Audit charter amendment headed for Council – again
City Council Bill 12-053 – calling for voters to decide whether municipal agencies should be regularly audited – is starting to resemble the cliffhanging sequences of The Perils of Pauline.
Like the famous silent-screen damsel in distress, the audit charter amendment has faced a rocky road of opposition, acceptance, rejection and now (apparent) re-acceptance by the Stephanie Rawlings-Blake administration.
Going back to the last reel, at the Council’s June 25 meeting, the bill was defeated in a 8-7 vote. Describing himself as “stunned,” bill sponsor Carl Stokes angrily accused three fellow councilmen of switching their votes to “nay” under pressure from the mayor’s office.
Stokes pronounced the bill “dead.”
But like Pauline strapped to the railway tracks but saved in the nick of time, Bill 12-053 yesterday escaped oblivion at the hands of the Judiciary and Legislative Investigations Committee, where it had been sent after its ignoble defeat.
New Amendments
Late yesterday the committee approved a revised bill with the support of (or more precisely, without opposition from) the mayor’s lobbyists.
Eight amendments were the price of political rebirth.
Most of them were technical. The most significant change strikes out the requirement of biennial audits of all city agencies and substitutes the word certain.

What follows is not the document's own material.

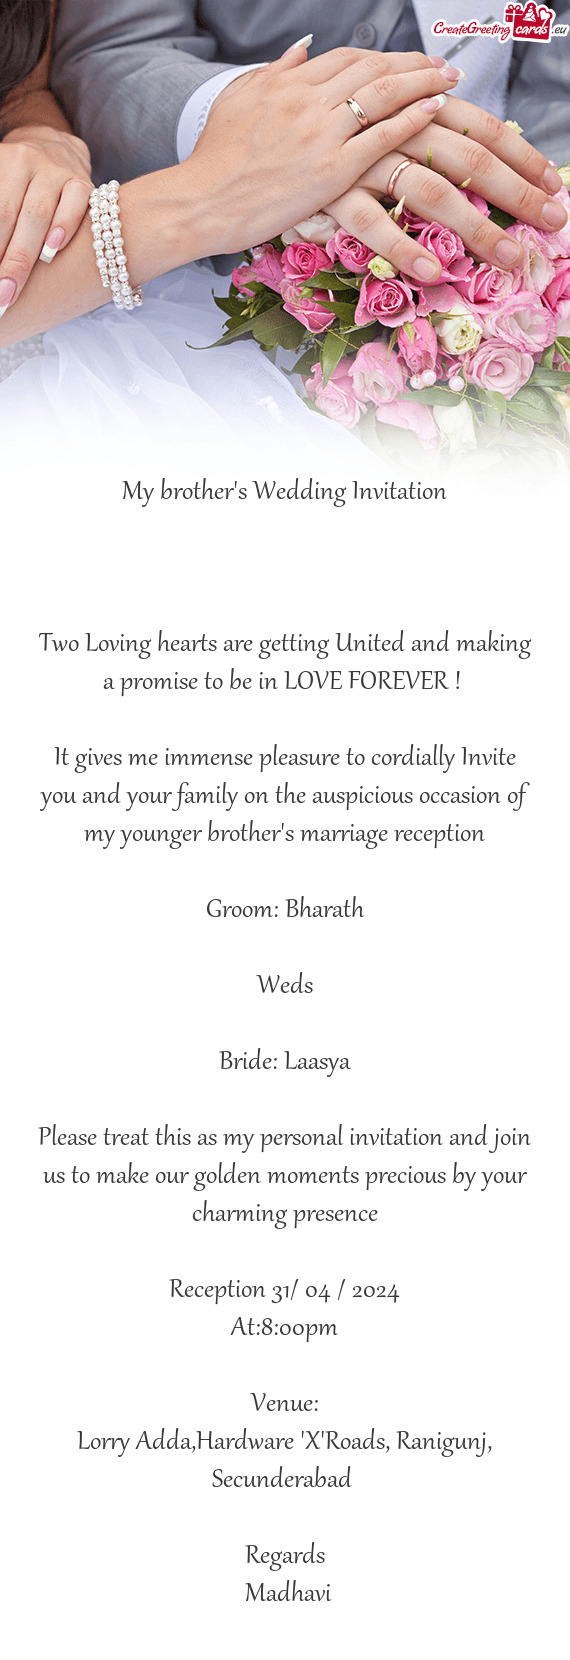 Bride: Laasya

Those certain agencies are listed as: Baltimore Development Corp (BDC); Finance; Fire; General Services; Housing and Community Development (HCD); Human Resources; Law, including the Minority and Women’s Business Opportunity Office (MWBOO); Planning; Police; Public Works; Recreation and Parks; Transportation; Mayor’s Office on Criminal Justice; and Mayor’s Office of Information Technology (MOIT).
(Two agencies also targeted for audits – the Mayor’s Office of Employment Development and Office of the Labor Commissioner – were exempted at the request of the mayor, informed sources told The Brew.)
The other big change is the timing of the audits.
Under the revised bill, seven agencies will be audited during fiscal year 2014 (that’s a year from now): BDC, Finance, General Services, HCD, MOIT, Rec and Parks, and Transportation.
Seven other agencies will be audited beginning in fiscal 2015 (that’s two years from now): Fire, Human Resources, Law and MWBOO, Planning, Police, Mayor’s Office on Criminal Justice, and Public Works.
After that, the agencies will be audited every other year.
Stokes said in an interview today that he is “very satisfied” that the amendments “will allow us to move forward to give the citizens better accountability of where their tax dollars are going.”
Bill 12-053 is scheduled to go before the full Council on Monday. Whether it will pass – then placed on the November ballot for voters to make the final decision – is something not even a good Hollywood script writer could say for sure.